DATASET RECORDS below:

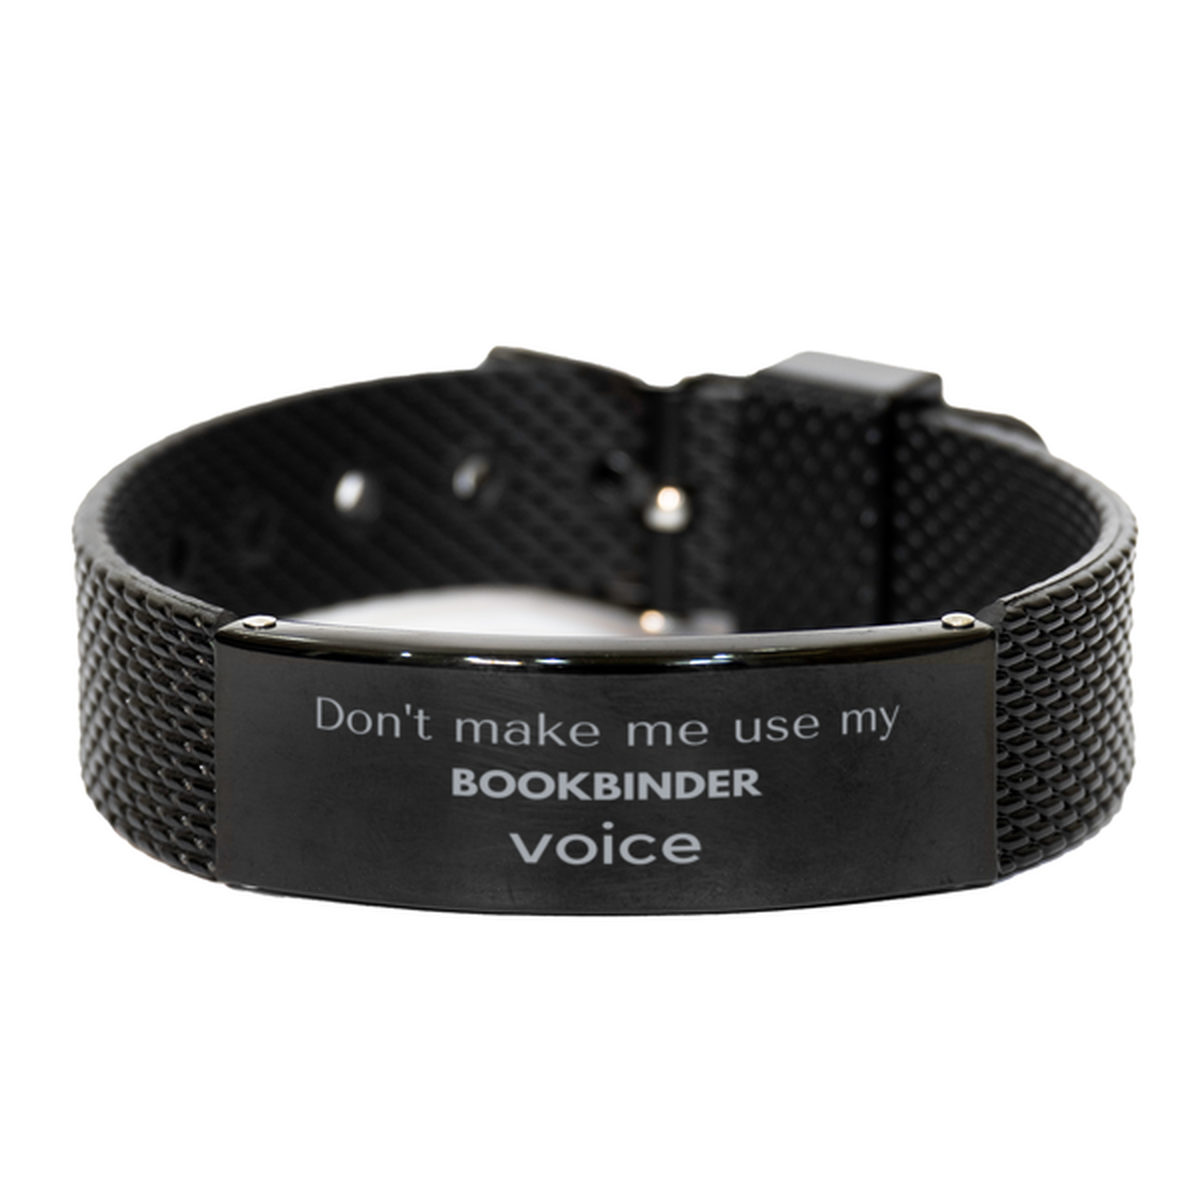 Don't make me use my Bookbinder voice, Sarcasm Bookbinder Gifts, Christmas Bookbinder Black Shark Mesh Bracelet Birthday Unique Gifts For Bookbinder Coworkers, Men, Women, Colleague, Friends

End of DATASET RECORDS.
DATASET RECORDS below:

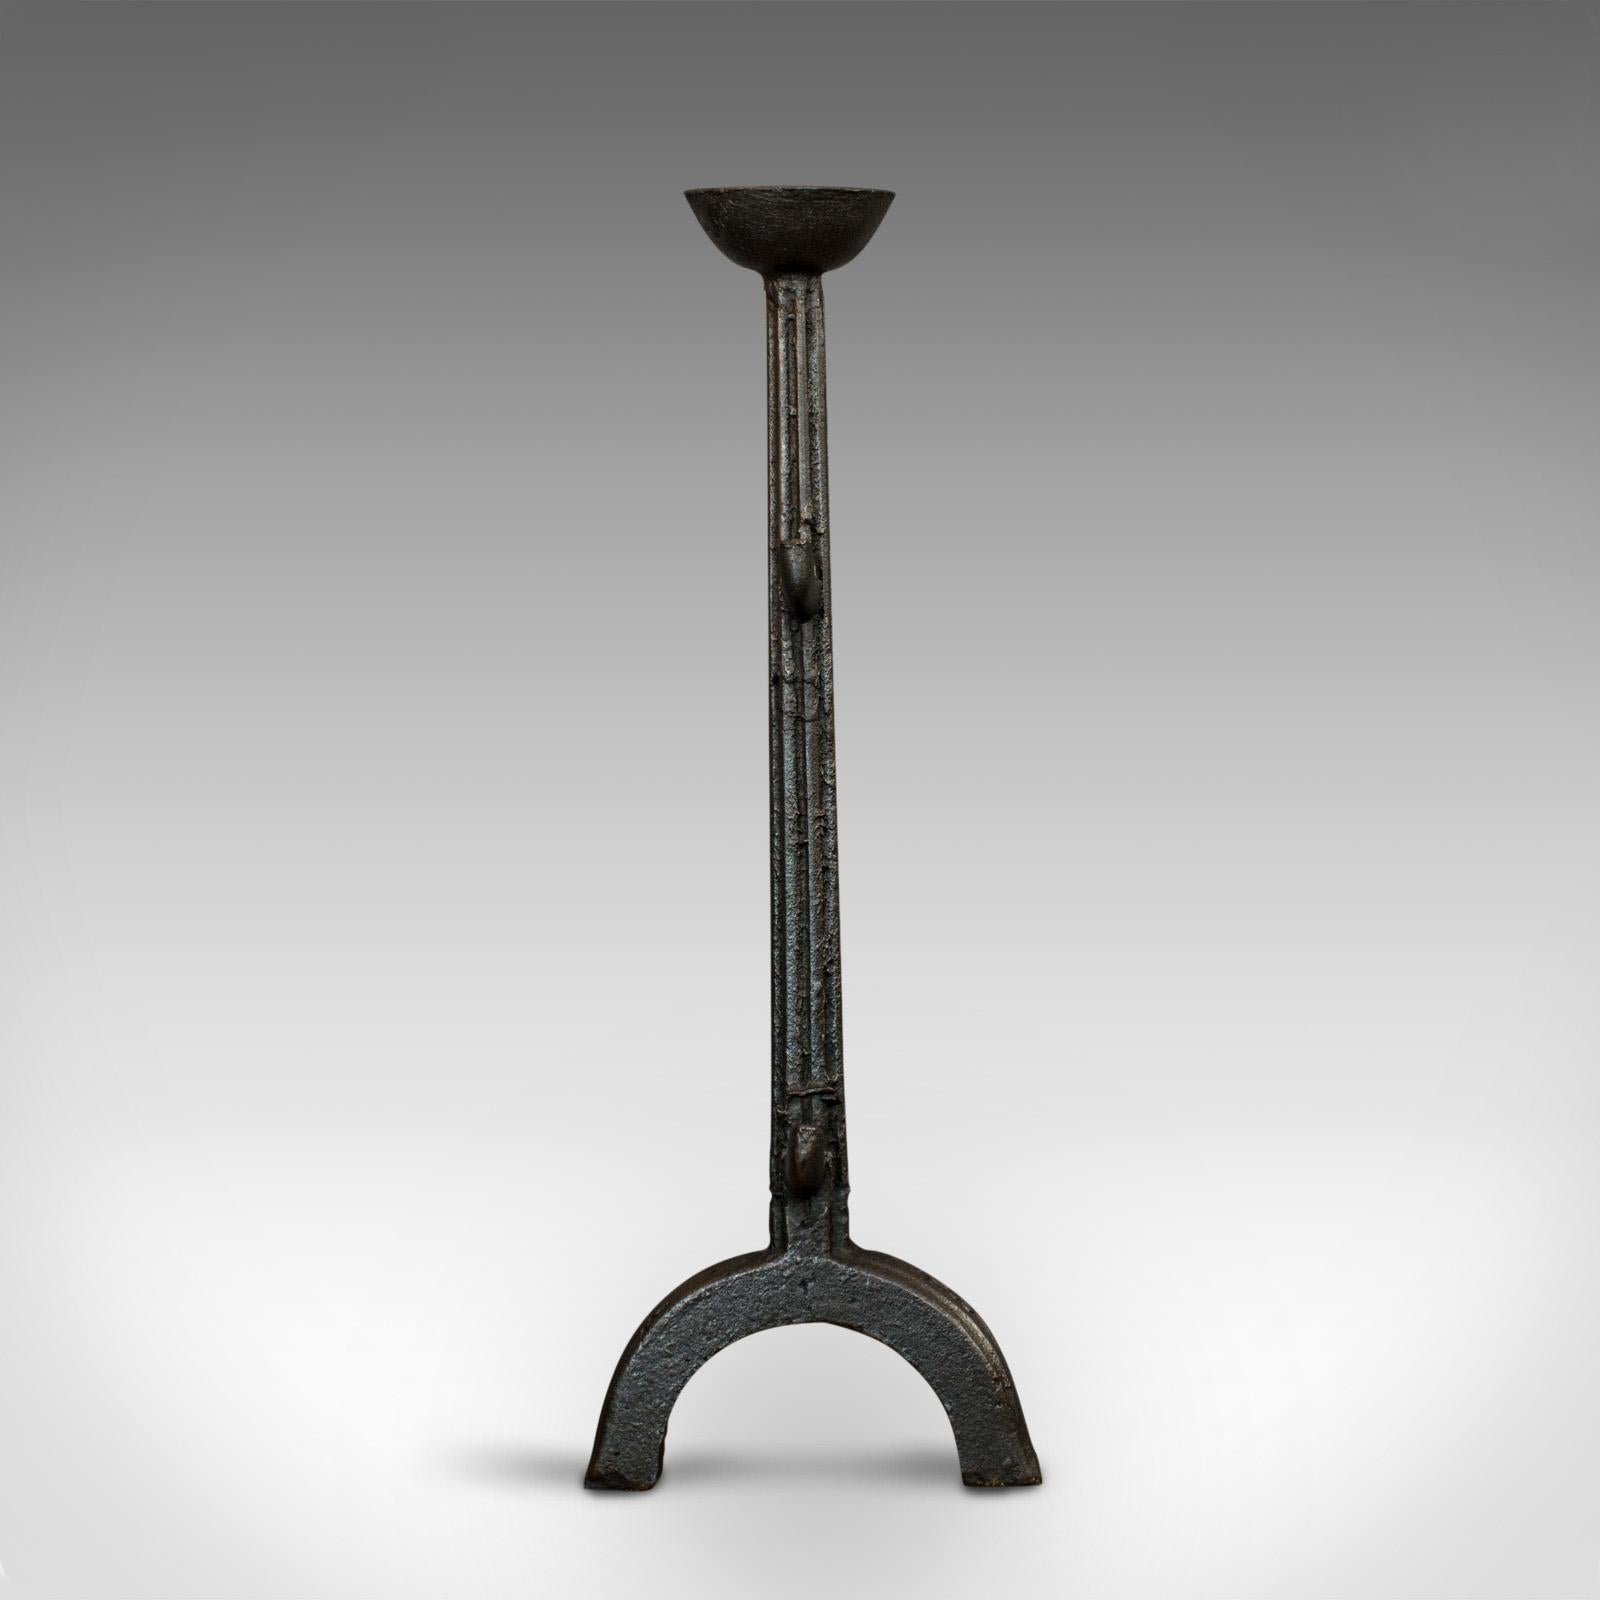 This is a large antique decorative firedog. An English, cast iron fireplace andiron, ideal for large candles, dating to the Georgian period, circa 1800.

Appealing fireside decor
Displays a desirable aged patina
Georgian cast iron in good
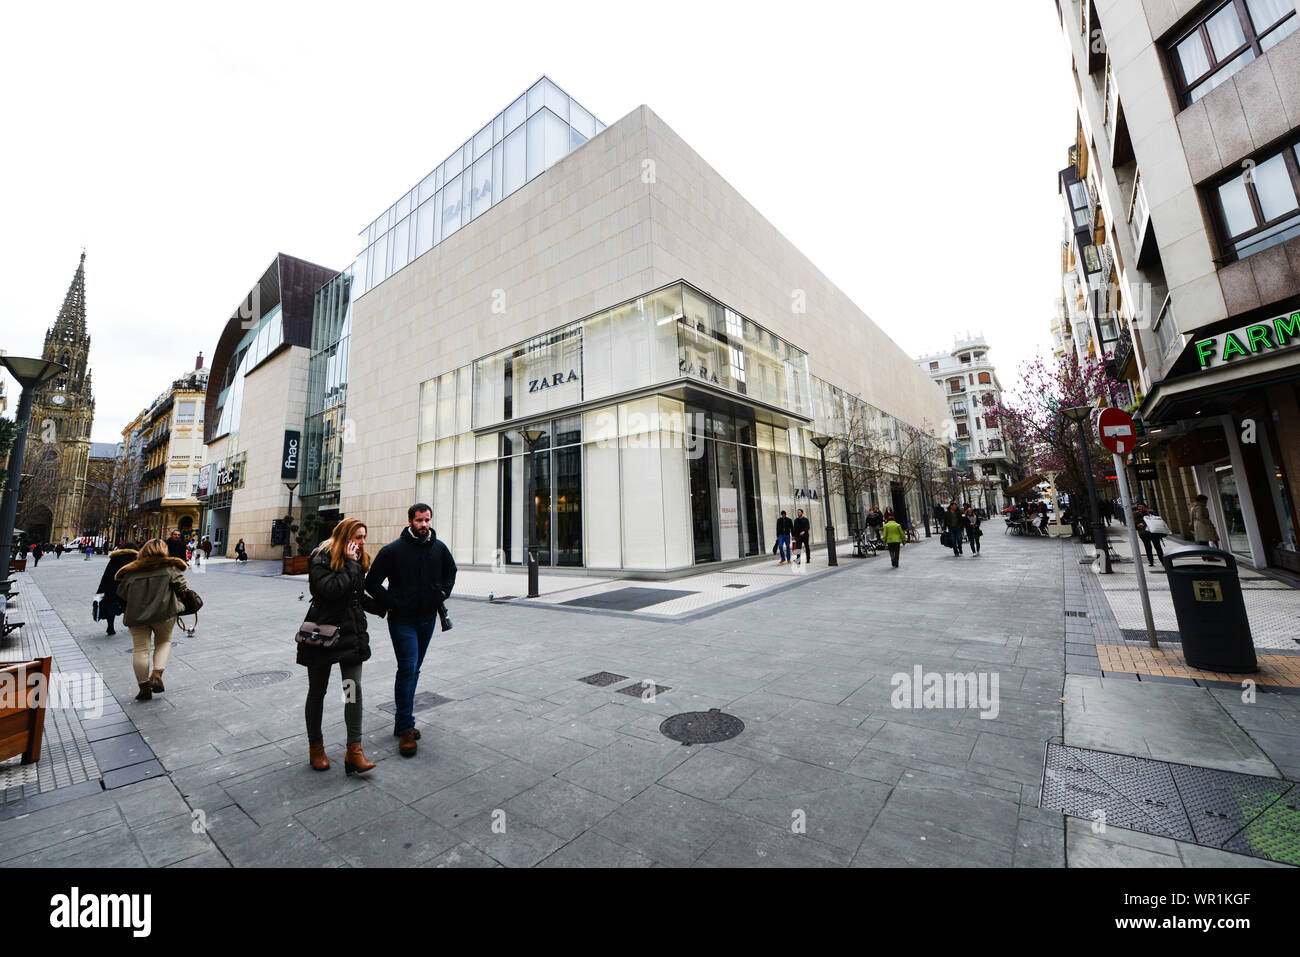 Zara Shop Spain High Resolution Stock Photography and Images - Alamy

End of DATASET RECORDS.

→ YOUR INSTRUCTIONS: Reproduce exactly, with no pictures, the lines above from the one holding "Displays a desirable aged patina" to the one holding "Zara Shop Spain", inclusive.

→ WORKED SOLUTION:
Displays a desirable aged patina
Georgian cast iron in good
 Zara Shop Spain High Resolution Stock Photography and Images - Alamy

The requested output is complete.